## Recorded information
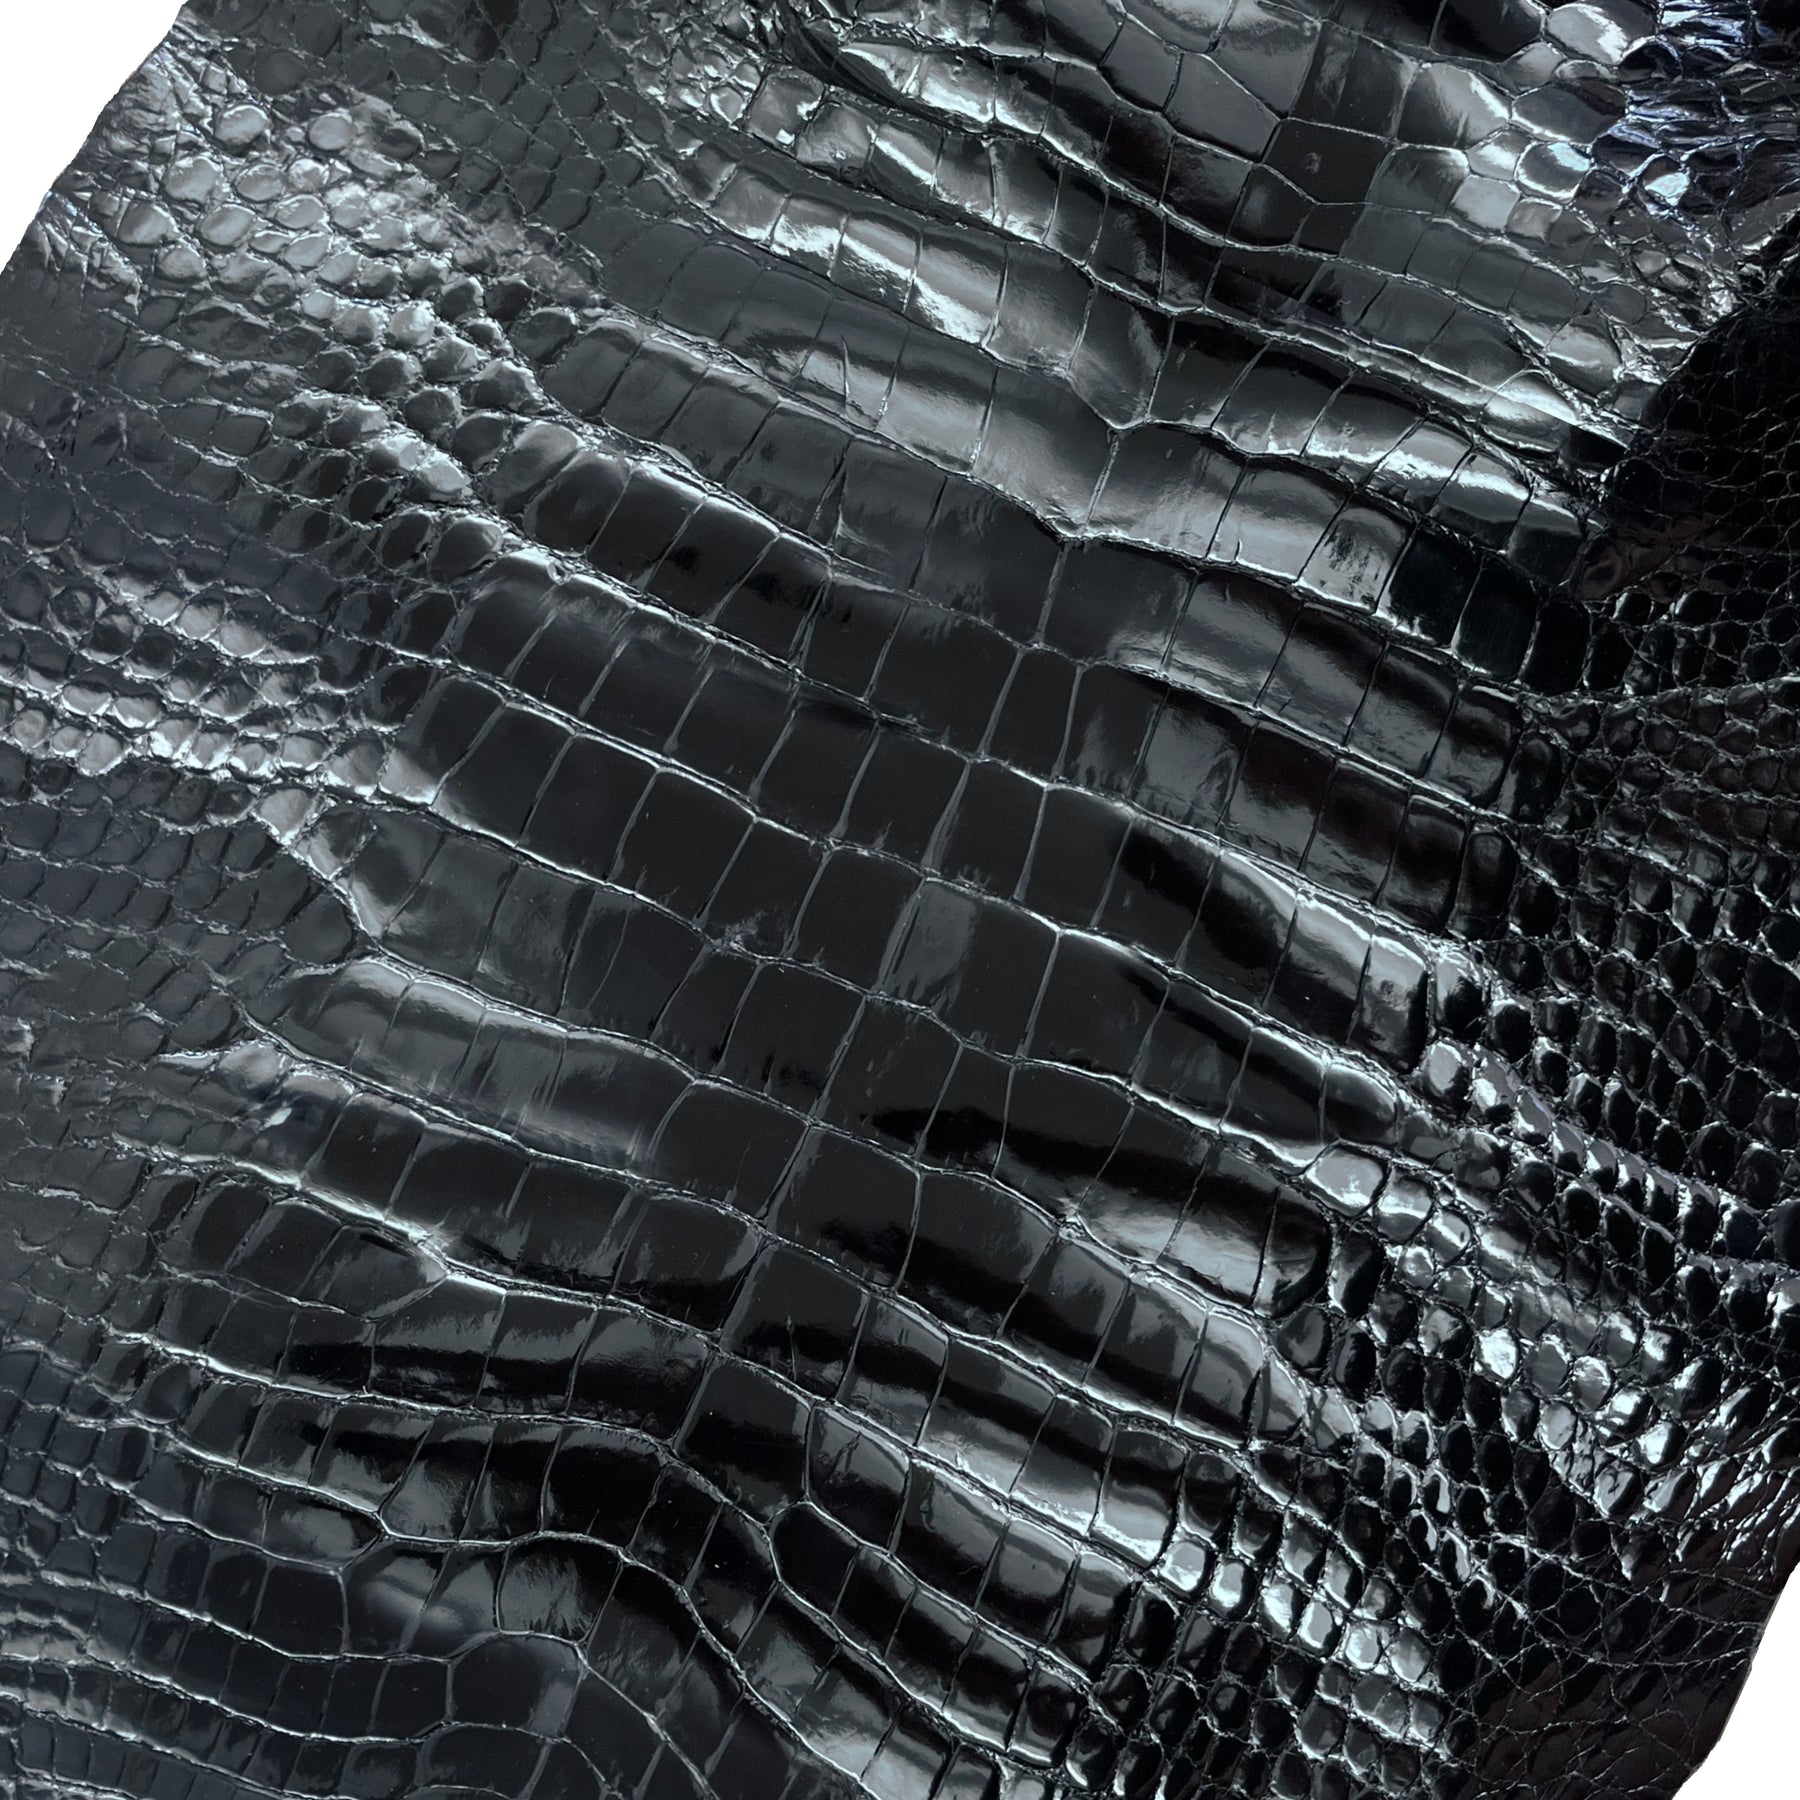 Glazed Wild American Alligator Black | 40 cm
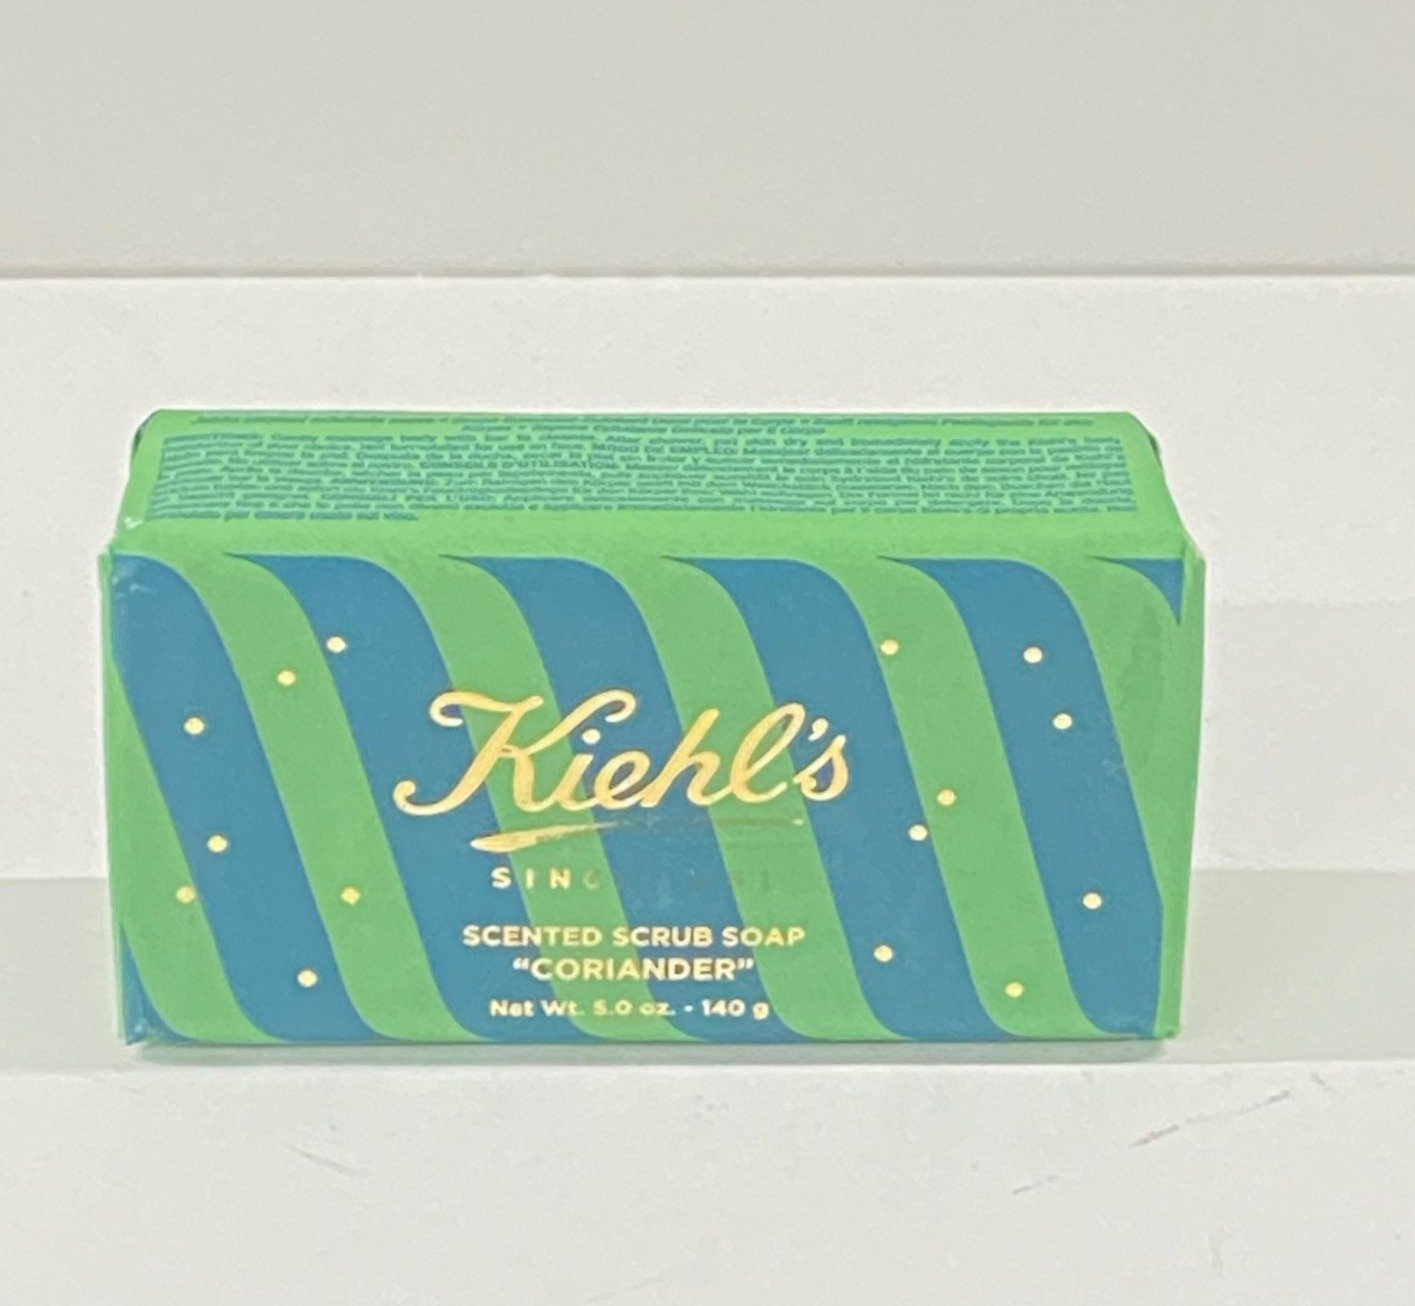 Kiehl's Coriander Hand Soap 5 oz. Limted Edition Bannecker - BRAND NEW Soap Bar! - $15.95
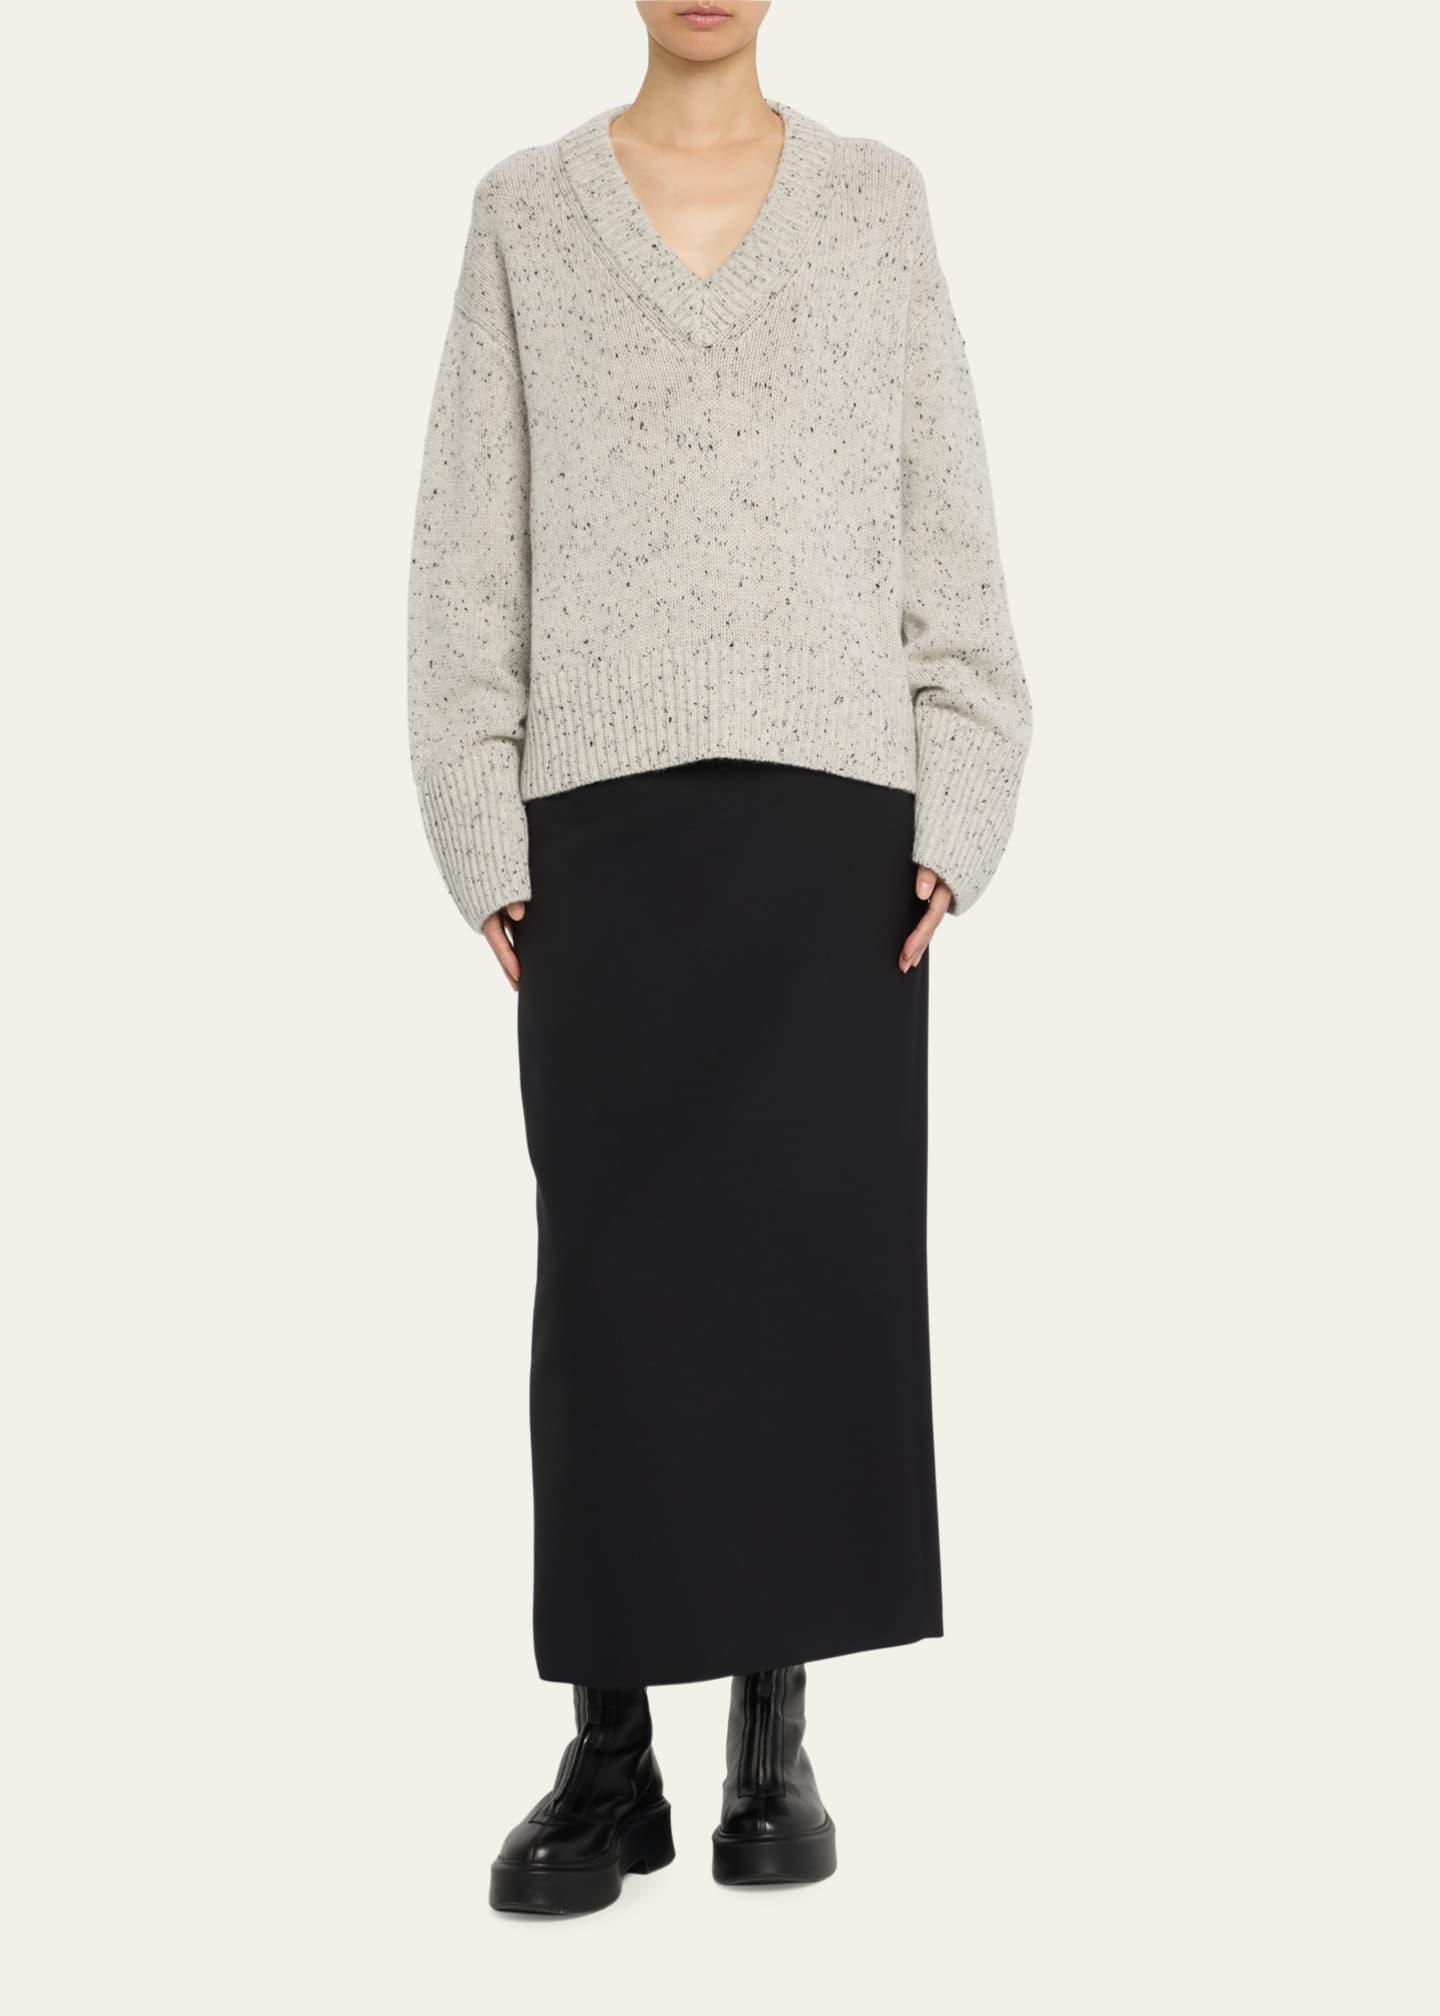 Lisa Yang Aletta Blender Cashmere V-Neck Sweater - Bergdorf Goodman

## Task to carry out
Copy the listing above verbatim, leaving out pictures.

## Task solution
 Glazed Wild American Alligator Black | 40 cm
 Kiehl's Coriander Hand Soap 5 oz. Limted Edition Bannecker - BRAND NEW Soap Bar! - $15.95
 Lisa Yang Aletta Blender Cashmere V-Neck Sweater - Bergdorf Goodman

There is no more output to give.